The above-mentioned computer-readable storage medium models the user's historical behavior characteristics through weighted compression to capture the characteristics of the user's historical behavior characteristics changing with time series, and based on adversarial learning, the generator can obtain the interest preference characteristics of online users, and Accurately recommend content information.

In one embodiment, the above-mentioned processor obtains the weighted compression vector corresponding to the user's historical behavior feature by weighting and compressing the user characteristics constructed in advance, including: performing the user characteristics according to the two-dimensional space of the time series dimension and the feature dimension. Time sequence coding to obtain the time sequence feature matrix corresponding to the user characteristics; multiply the time sequence feature matrix with the first compression weight matrix to obtain the first product matrix after data compression; after the first product matrix is corrected by the first paranoia vector, the first product matrix is obtained A correction matrix; input the first correction matrix into the sigmoid function to obtain the embedding vector corresponding to the user's historical behavior feature; splicing the embedding vector corresponding to the user's historical behavior feature with the time series feature corresponding to the specified time to form the first splicing vector; The splicing vector is multiplied by the second compression weight matrix to obtain a second product matrix after data compression; after the second product matrix is corrected by the second paranoia vector, the weighted compression vector corresponding to the user's historical behavior characteristics is obtained.

A person of ordinary skill in the art can understand that all or part of the processes in the above-mentioned embodiment methods can be implemented by computer programs instructing relevant hardware. The above-mentioned computer programs can be stored in a non-volatile computer readable storage medium. Here, when the computer program is executed, it may include the processes of the above-mentioned method embodiments. Wherein, any reference to memory, storage, database or other media provided in this application and used in the embodiments may include non-volatile and/or volatile memory. Non-volatile memory may include read only memory (ROM), programmable ROM (PROM), electrically programmable ROM (EPROM), electrically erasable programmable ROM (EEPROM), or flash memory. Volatile memory may include random access memory (RAM) or external cache memory.

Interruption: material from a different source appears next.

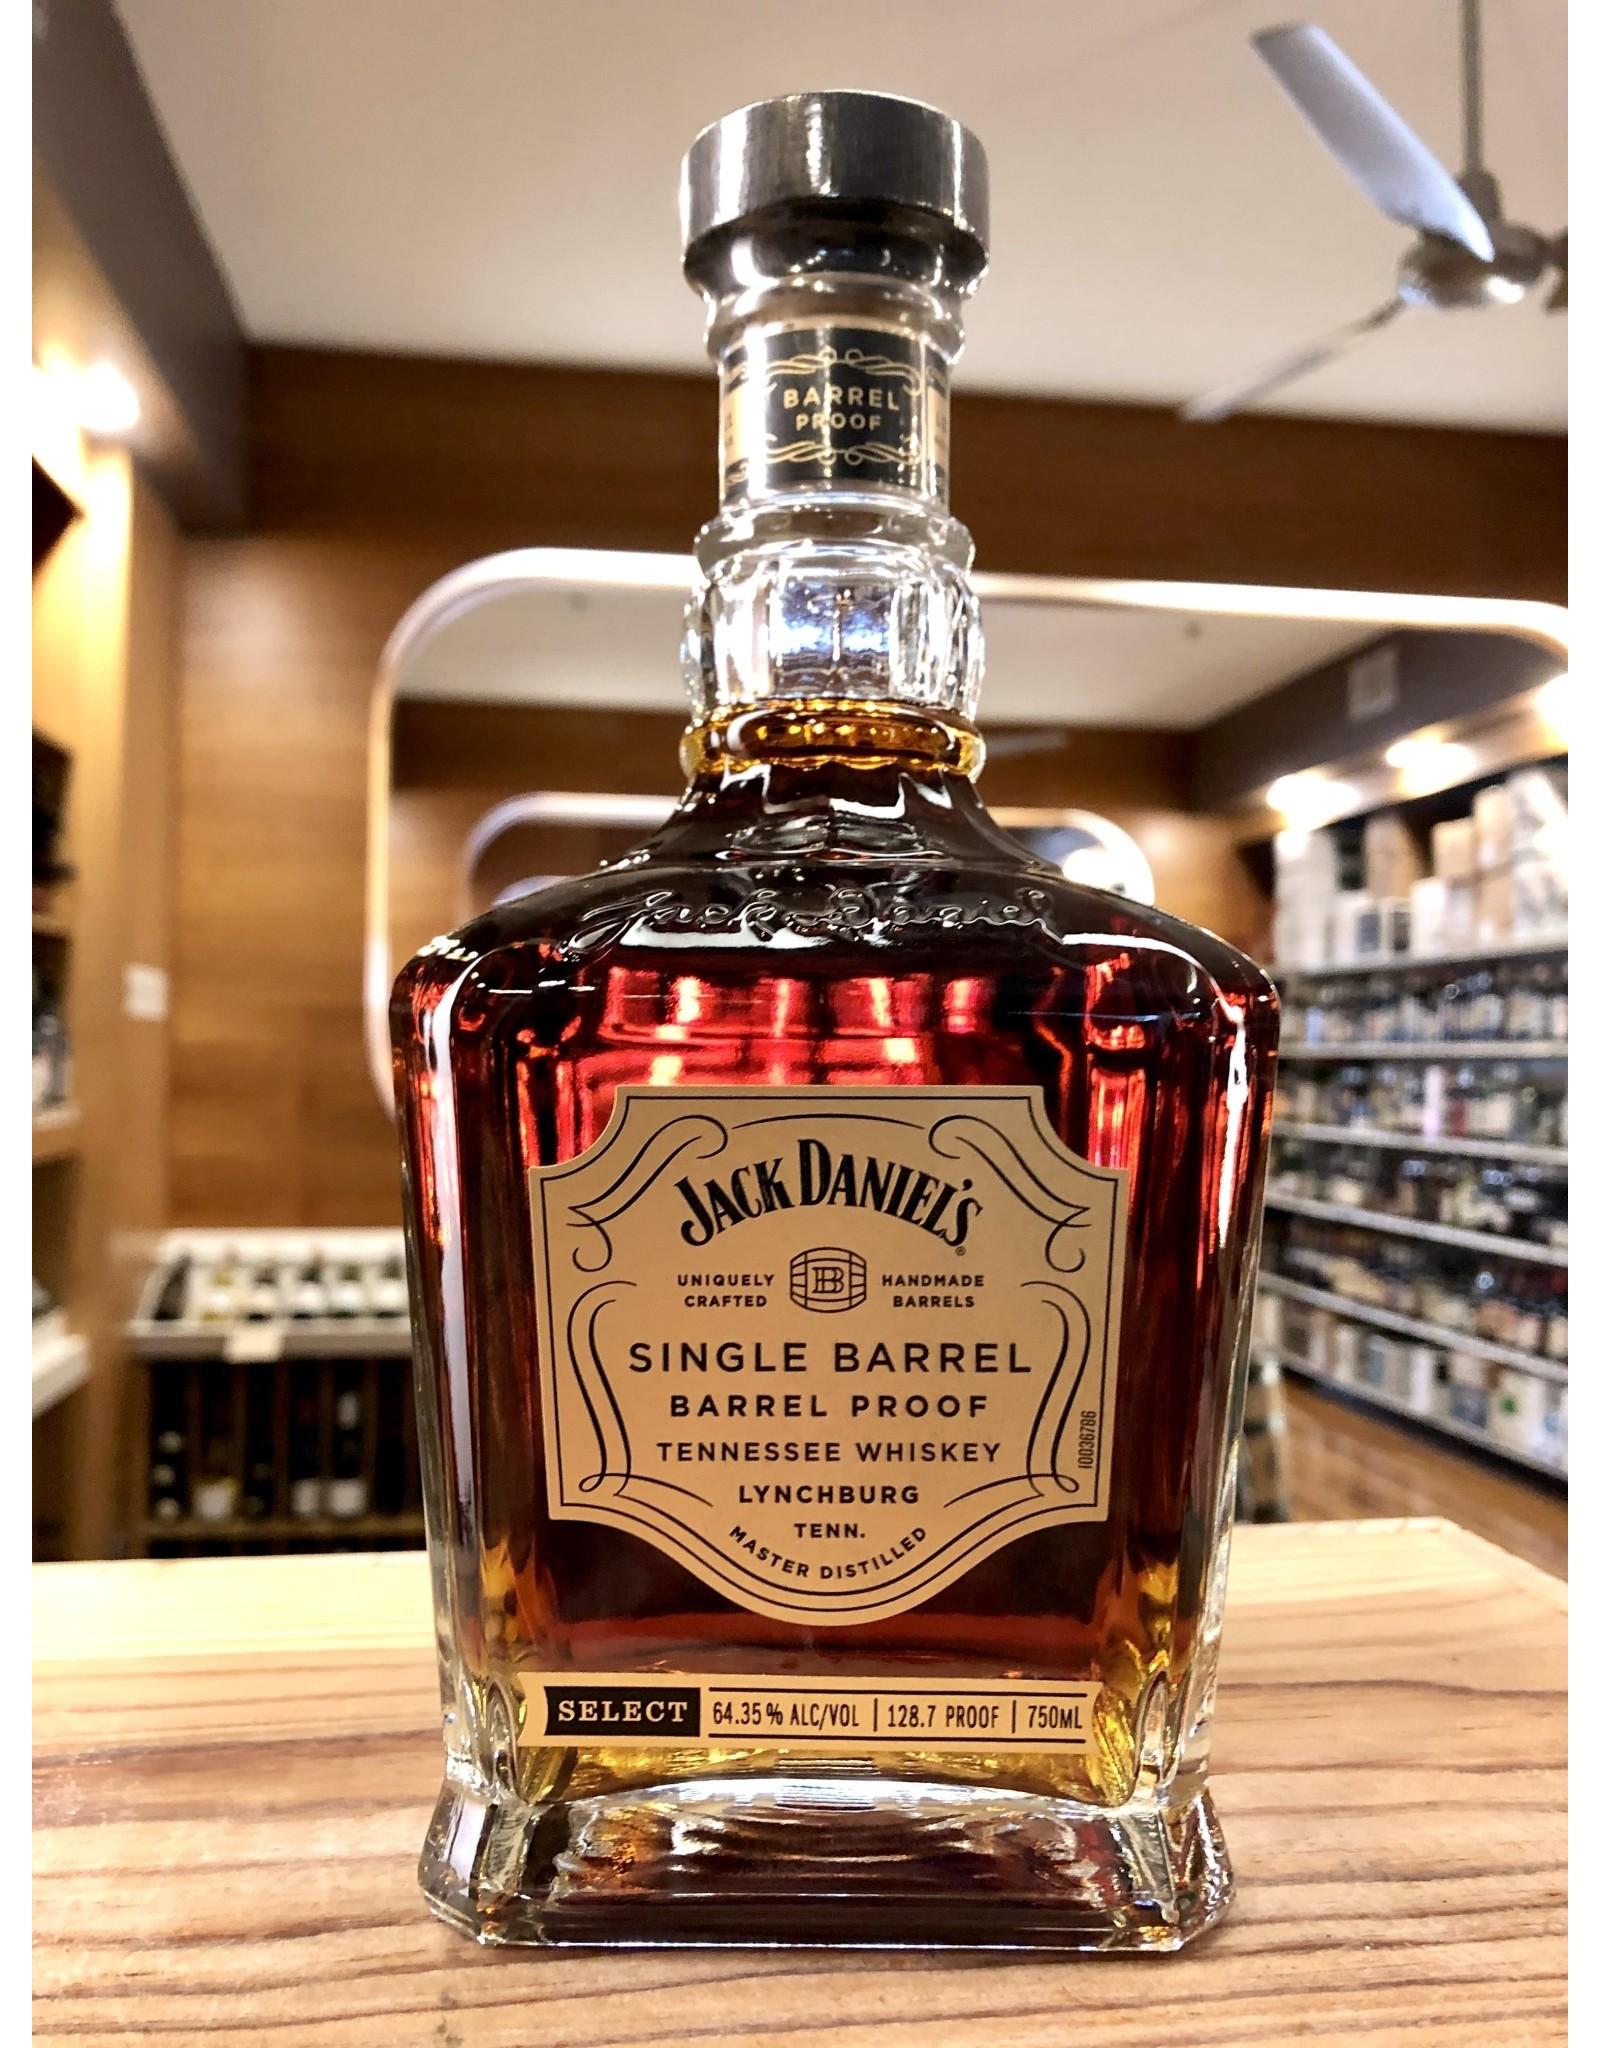 Jack Daniels Single Barrel Barrel Proof Whiskey - 750 ML

As an illustration and not a limitation, RAM is available in many forms, such as static RAM (SRAM), dynamic RAM (DRAM), synchronous DRAM (SDRAM), dual-rate SDRAM (SSRSDRAM), enhanced SDRAM (ESDRAM), synchronous Link (Synchlink) DRAM (SLDRAM), memory bus (Rambus) direct RAM (RDRAM), direct memory bus dynamic RAM (DRDRAM), and memory bus dynamic RAM (RDRAM), etc.

It should be noted that in this article, the terms "include", "include" or any other variants thereof are intended to cover non-exclusive inclusion, so that a process, device, article or method including a series of elements not only includes those elements, It also includes other elements not explicitly listed, or elements inherent to the process, device, article, or method. If there are no more restrictions, the element defined by the sentence "including a..." does not exclude the existence of other identical elements in the process, device, article, or method that includes the element.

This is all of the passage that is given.